# Quality fourball needed for Crowborough Beacon



## Smiffy (Oct 2, 2012)

For various reasons I won't be a member at Crowborough Beacon next year.
I'm looking for 3 other players to make up a "quality fourball" as a final farewell.
Players need to be of a standard that will match with my expectations, and knobs need not apply.
Any takers????


----------



## bobmac (Oct 2, 2012)

Smiffy said:



			For various reasons I won't be a member at Crowborough Beacon next year.
I'm looking for 3 other players to make up a "quality fourball" as a final farewell.
Players need to be of a standard that will match with my expectations, so knobs only apply.
Any takers????
		
Click to expand...

Fixed


----------



## richart (Oct 2, 2012)

If you don't want me to play, just say so, no need to be subtle.


----------



## pokerjoke (Oct 2, 2012)

Hi Smiffy hope all is well mate.
What day and date you looking at.
Its a long way for me but it would be a pleasure,depending on date.


----------



## Fader (Oct 2, 2012)

Its only about an our away from where I live, so if you know what sort of dates your looking at and if you think I fall into the catergory of not being a knob I may be available for a knock


----------



## chrisd (Oct 2, 2012)

................ well I havn't had a second invite since the first game!


----------



## duncan mackie (Oct 2, 2012)

not sure what your expectaions are.....but depending on the date I would welcome the opportunity to join you on this auspicious day.


----------



## Deleted Member 1156 (Oct 2, 2012)

Brilliant Smiffy, you've made everyone paranoid now and scared to apply   :rofl:


----------



## richart (Oct 2, 2012)

drive4show said:



			Brilliant Smiffy, you've made everyone paranoid now and scared to apply   :rofl:
		
Click to expand...

 Gordon you can play with me at Blackmoor, my standards are much lower.


----------



## USER1999 (Oct 2, 2012)

Dates?


----------



## bobmac (Oct 2, 2012)

You may not hear from Smiffy for a while.
He went to the dentist this morning and was last seen staggering around Bexhill relaxed as a newt.


----------



## RichardC (Oct 2, 2012)

If the spots are not filled then chuck my name in the mix, but don't know if I would come in the "quality" bracket


----------



## Oddsocks (Oct 2, 2012)

murphthemog said:



			Dates?
		
Click to expand...

At he's age I'm sure he's regular enough not to need dates......


----------



## USER1999 (Oct 2, 2012)

Oddsocks said:



			At he's age I'm sure he's regular enough not to need dates......
		
Click to expand...

Yep, he's regular.
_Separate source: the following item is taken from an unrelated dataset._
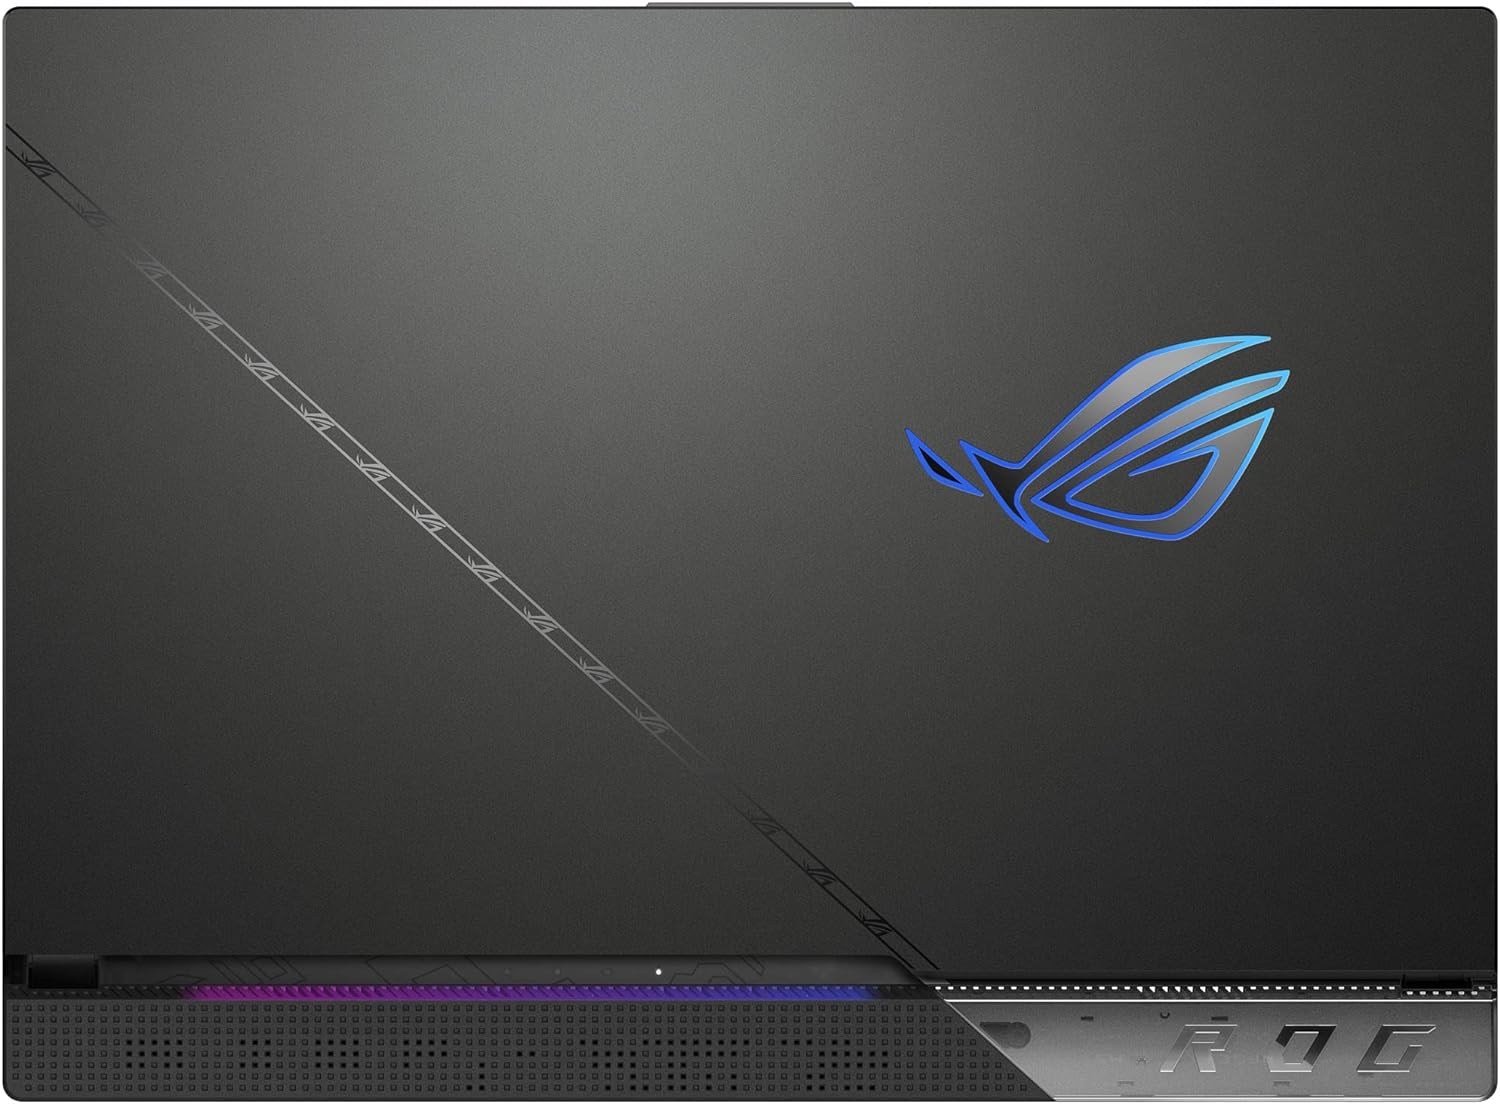 ASUS ROG Strix Scar 15 Gaming  Entertainment Laptop (Intel i9-12900H 14-Core, 32GB DDR5 4800MHz RAM, 2x4TB PCIe SSD RAID 1 (4TB), GeForce RTX 3080 Ti, 15.6 240Hz Win 11 Pro)

Every morning, about 20 minutes before he gets up.


----------



## JustOne (Oct 4, 2012)

Smiffy said:



			..... knobs need not apply.
		
Click to expand...

Damn! .....I'm out.


----------



## AuburnWarrior (Oct 4, 2012)

I could be very interested in this!

Dates please Robert....


----------



## USER1999 (Oct 4, 2012)

AuburnWarrior said:



			I could be very interested in this!

Dates please Robert....
		
Click to expand...

Disappear for ages, and then try and bag a plum do, back of the queue buster!


----------



## AuburnWarrior (Oct 5, 2012)

murphthemog said:



			Disappear for ages, and then try and bag a plum do, back of the queue buster!
		
Click to expand...

I think you'll find that I'm one of the 'quality' players that Rob's referring to.....


----------



## USER1999 (Oct 5, 2012)

AuburnWarrior said:



			I think you'll find that I'm one of the 'quality' players that Rob's referring to..... 

Click to expand...

In your dreams sunshine. In your dreams.


----------



## PieMan (Oct 6, 2012)

After my round today I am definitely quality!! Loved CB when I played it last. I'll put my name forward mate, but will happily stand aside for those who have not played it before.


----------



## chrisd (Oct 6, 2012)

PieMan said:



			After my round today I am definitely quality!! Loved CB when I played it last. I'll put my name forward mate, but will happily stand aside for those who have not played it before.
		
Click to expand...



Not just frightened to come up against the quality team that was Smiffy and me then ??    :whoo:


----------



## PieMan (Oct 6, 2012)

chrisd said:



			Not just frightened to come up against the quality team that was Smiffy and me then ??    :whoo:
		
Click to expand...

My partner let me down.............


----------